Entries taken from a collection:

▬▬▬

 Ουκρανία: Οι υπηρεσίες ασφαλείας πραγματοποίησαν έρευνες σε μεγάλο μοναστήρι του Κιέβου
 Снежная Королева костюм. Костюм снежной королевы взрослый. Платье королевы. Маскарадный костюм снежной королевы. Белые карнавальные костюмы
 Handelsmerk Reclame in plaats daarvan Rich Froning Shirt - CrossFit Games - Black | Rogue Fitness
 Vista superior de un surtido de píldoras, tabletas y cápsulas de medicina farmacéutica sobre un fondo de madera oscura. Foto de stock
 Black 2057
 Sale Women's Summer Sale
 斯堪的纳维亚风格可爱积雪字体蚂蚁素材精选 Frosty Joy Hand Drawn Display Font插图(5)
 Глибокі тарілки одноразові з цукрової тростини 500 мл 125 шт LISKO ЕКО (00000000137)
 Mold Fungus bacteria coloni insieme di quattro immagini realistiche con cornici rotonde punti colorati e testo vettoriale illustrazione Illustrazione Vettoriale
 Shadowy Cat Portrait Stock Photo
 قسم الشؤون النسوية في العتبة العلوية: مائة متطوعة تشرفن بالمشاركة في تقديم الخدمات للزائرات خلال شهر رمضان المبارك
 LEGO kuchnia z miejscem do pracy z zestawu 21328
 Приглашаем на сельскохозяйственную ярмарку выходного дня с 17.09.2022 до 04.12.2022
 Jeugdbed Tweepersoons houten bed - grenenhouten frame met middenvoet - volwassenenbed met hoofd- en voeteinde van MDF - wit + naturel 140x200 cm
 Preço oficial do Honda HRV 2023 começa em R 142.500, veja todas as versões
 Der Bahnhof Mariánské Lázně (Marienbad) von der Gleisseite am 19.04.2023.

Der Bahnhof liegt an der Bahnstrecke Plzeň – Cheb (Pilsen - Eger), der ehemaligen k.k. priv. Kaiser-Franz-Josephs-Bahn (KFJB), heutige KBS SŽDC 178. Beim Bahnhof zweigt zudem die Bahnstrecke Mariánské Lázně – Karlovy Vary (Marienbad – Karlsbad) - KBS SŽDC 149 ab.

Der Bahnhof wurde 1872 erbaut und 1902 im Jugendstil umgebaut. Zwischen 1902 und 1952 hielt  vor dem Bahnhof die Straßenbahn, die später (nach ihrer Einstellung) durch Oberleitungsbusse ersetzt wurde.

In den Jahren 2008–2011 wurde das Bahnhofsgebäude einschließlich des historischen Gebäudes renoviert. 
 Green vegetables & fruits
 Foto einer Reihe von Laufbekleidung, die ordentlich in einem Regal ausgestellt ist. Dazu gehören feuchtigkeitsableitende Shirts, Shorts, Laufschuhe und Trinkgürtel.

▬▬▬

**What to do**
Your reply must consist solely of the number of lines in the data that contain the word "Lázně".

**Written solution**
2